Required work: Restate the records exactly. Include all of them.
Study material: Begin
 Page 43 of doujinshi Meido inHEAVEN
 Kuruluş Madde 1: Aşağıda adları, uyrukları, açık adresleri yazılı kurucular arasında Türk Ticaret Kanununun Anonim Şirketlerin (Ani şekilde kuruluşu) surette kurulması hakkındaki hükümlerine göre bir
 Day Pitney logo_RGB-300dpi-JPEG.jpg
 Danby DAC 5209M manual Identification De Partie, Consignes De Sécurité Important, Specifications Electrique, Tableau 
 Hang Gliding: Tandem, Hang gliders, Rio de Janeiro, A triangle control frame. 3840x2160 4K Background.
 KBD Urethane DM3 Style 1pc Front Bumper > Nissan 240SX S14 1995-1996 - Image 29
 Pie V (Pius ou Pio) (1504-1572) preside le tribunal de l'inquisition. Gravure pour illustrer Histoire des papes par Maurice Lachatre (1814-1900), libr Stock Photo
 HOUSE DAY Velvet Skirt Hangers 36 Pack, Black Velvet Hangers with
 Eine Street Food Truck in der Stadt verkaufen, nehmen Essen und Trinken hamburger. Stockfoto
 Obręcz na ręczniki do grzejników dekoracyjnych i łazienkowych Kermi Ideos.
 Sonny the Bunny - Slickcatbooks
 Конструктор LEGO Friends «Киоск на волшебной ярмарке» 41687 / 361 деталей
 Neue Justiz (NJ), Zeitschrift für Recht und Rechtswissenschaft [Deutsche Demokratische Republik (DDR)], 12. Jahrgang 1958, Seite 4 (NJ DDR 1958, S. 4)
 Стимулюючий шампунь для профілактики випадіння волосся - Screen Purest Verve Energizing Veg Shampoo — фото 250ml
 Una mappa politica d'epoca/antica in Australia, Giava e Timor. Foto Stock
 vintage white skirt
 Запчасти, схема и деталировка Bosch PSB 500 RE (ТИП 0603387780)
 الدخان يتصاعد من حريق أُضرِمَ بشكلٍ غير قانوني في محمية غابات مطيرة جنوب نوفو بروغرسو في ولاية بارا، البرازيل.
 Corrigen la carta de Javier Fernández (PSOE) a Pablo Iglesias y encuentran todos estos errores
Study material: End
Result for this task:
 Page 43 of doujinshi Meido inHEAVEN
 Kuruluş Madde 1: Aşağıda adları, uyrukları, açık adresleri yazılı kurucular arasında Türk Ticaret Kanununun Anonim Şirketlerin (Ani şekilde kuruluşu) surette kurulması hakkındaki hükümlerine göre bir
 Day Pitney logo_RGB-300dpi-JPEG.jpg
 Danby DAC 5209M manual Identification De Partie, Consignes De Sécurité Important, Specifications Electrique, Tableau 
 Hang Gliding: Tandem, Hang gliders, Rio de Janeiro, A triangle control frame. 3840x2160 4K Background.
 KBD Urethane DM3 Style 1pc Front Bumper > Nissan 240SX S14 1995-1996 - Image 29
 Pie V (Pius ou Pio) (1504-1572) preside le tribunal de l'inquisition. Gravure pour illustrer Histoire des papes par Maurice Lachatre (1814-1900), libr Stock Photo
 HOUSE DAY Velvet Skirt Hangers 36 Pack, Black Velvet Hangers with
 Eine Street Food Truck in der Stadt verkaufen, nehmen Essen und Trinken hamburger. Stockfoto
 Obręcz na ręczniki do grzejników dekoracyjnych i łazienkowych Kermi Ideos.
 Sonny the Bunny - Slickcatbooks
 Конструктор LEGO Friends «Киоск на волшебной ярмарке» 41687 / 361 деталей
 Neue Justiz (NJ), Zeitschrift für Recht und Rechtswissenschaft [Deutsche Demokratische Republik (DDR)], 12. Jahrgang 1958, Seite 4 (NJ DDR 1958, S. 4)
 Стимулюючий шампунь для профілактики випадіння волосся - Screen Purest Verve Energizing Veg Shampoo — фото 250ml
 Una mappa politica d'epoca/antica in Australia, Giava e Timor. Foto Stock
 vintage white skirt
 Запчасти, схема и деталировка Bosch PSB 500 RE (ТИП 0603387780)
 الدخان يتصاعد من حريق أُضرِمَ بشكلٍ غير قانوني في محمية غابات مطيرة جنوب نوفو بروغرسو في ولاية بارا، البرازيل.
 Corrigen la carta de Javier Fernández (PSOE) a Pablo Iglesias y encuentran todos estos errores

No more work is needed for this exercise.